Charlie hadn’t known me as a ten-year-old, however, and she didn’t know anybody who knew me, either. She knew me only as a young adult. I was already old enough to vote when I met her; I was old enough to spend the night with her, the whole night, in her hall of residence, and have opinions, and buy her a drink in a pub, secure in the knowledge that my driving license with its scrambled proof of age was in my pocket … and I was old enough to have a history. At home I didn’t have a history, just stuff that everybody already knew, and that, therefore, wasn’t worth repeating.

But I still felt a fraud. I was like all those people who suddenly shaved their heads and said they’d always been punks, they’d been punks before punk was even thought of: I felt as though I was going to be found out at any moment, that somebody was going to burst into the college bar brandishing one of the anorak photos and yelling, “Rob used to be a boy! A little lad!,” and Charlie would see it and pack me in. It never occurred to me that she probably had a whole pile of books about ponies and some ridiculous party dresses hidden away at her parents’ place in St. Albans. As far as I was concerned, she had been born with enormous earrings, drainpipe jeans, and an incredibly sophisticated enthusiasm for the works of some guy who used to splodge orange paint around.

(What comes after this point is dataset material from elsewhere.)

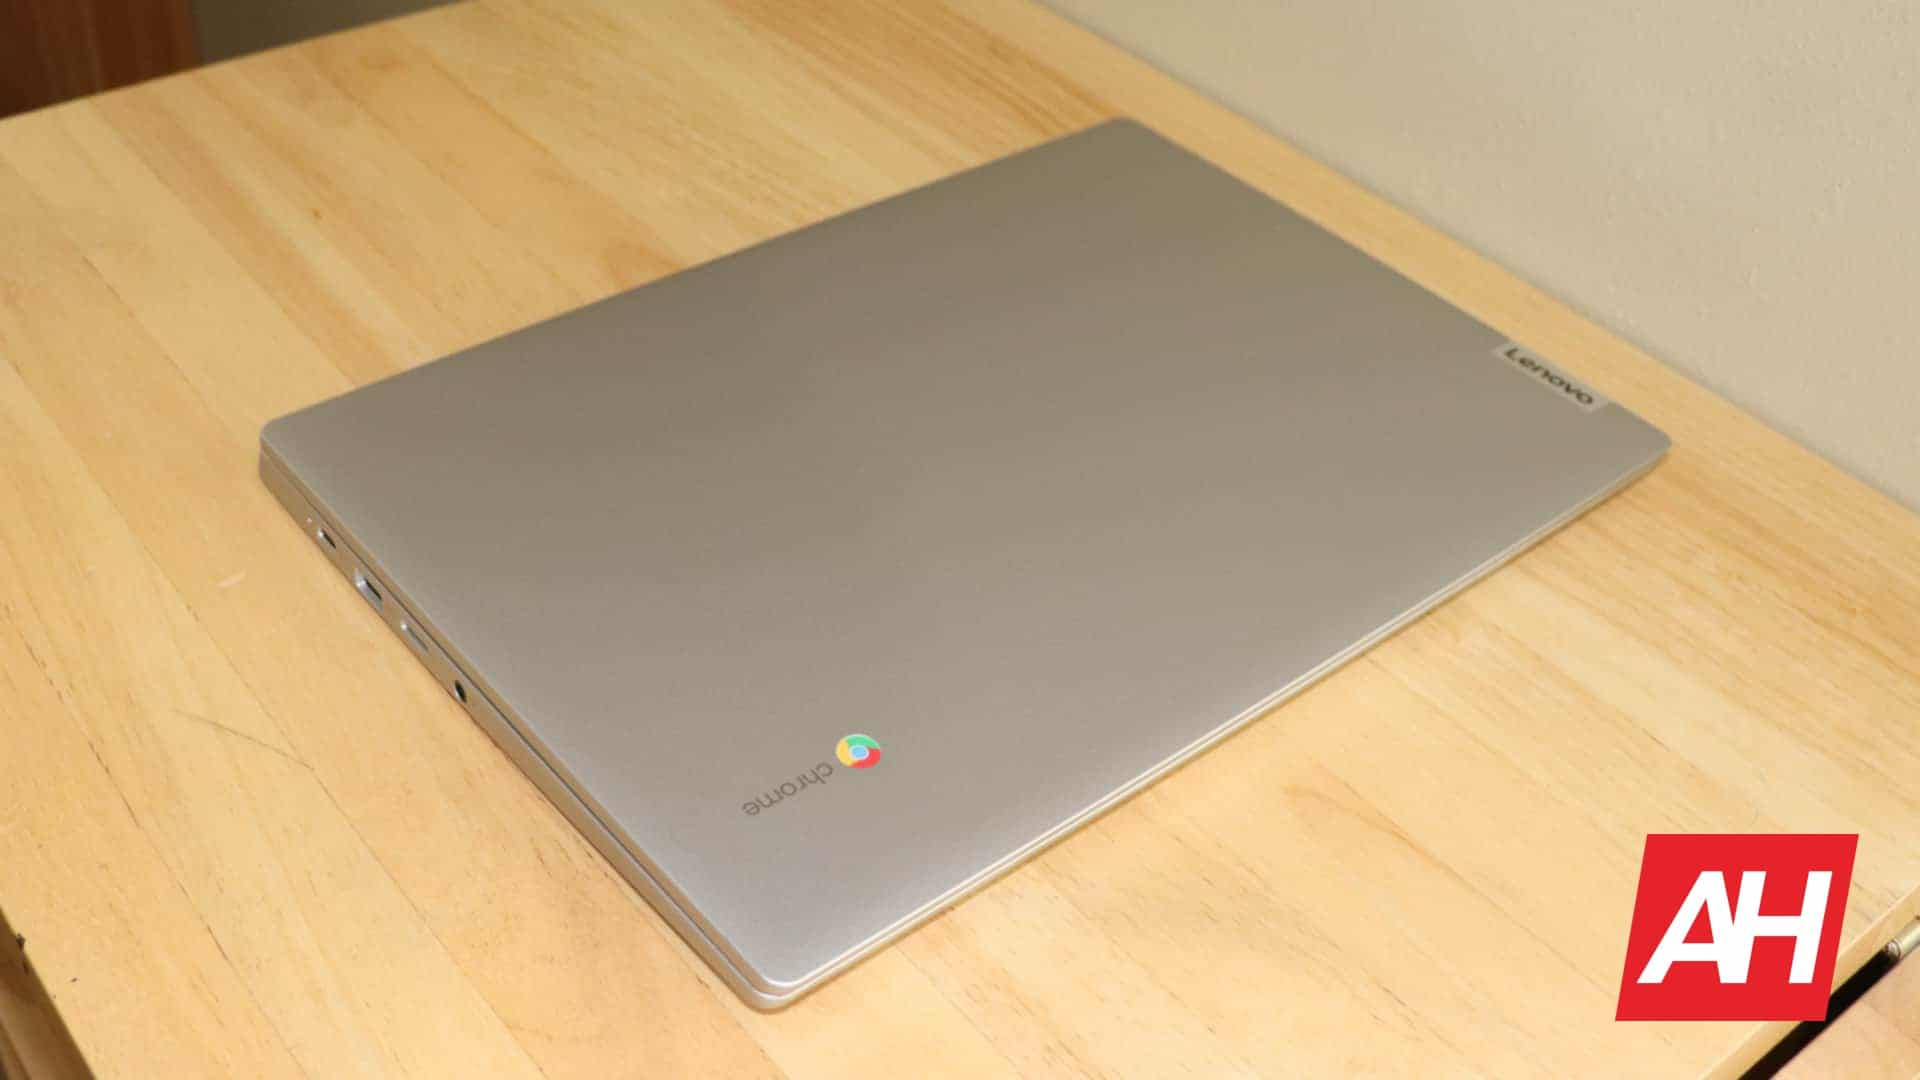 01 2 Lenovo IdeaPad 3 14 Chromebook AH 2020

We went out for two years, and for every single minute I felt as though I was standing on a dangerously narrow ledge. I couldn’t ever get comfortable, if you know what I mean; there was no room to stretch out and relax. I was depressed by the lack of flamboyance in my wardrobe. I was fretful about my abilities as a lover. I couldn’t understand what she saw in the orange-paint guy, however many times she explained. I worried that I was never ever going to be able to say anything interesting or amusing to her about anything at all. I was intimidated by the other men in her design course, and became convinced that she was going to go off with one of them. She went off with one of them.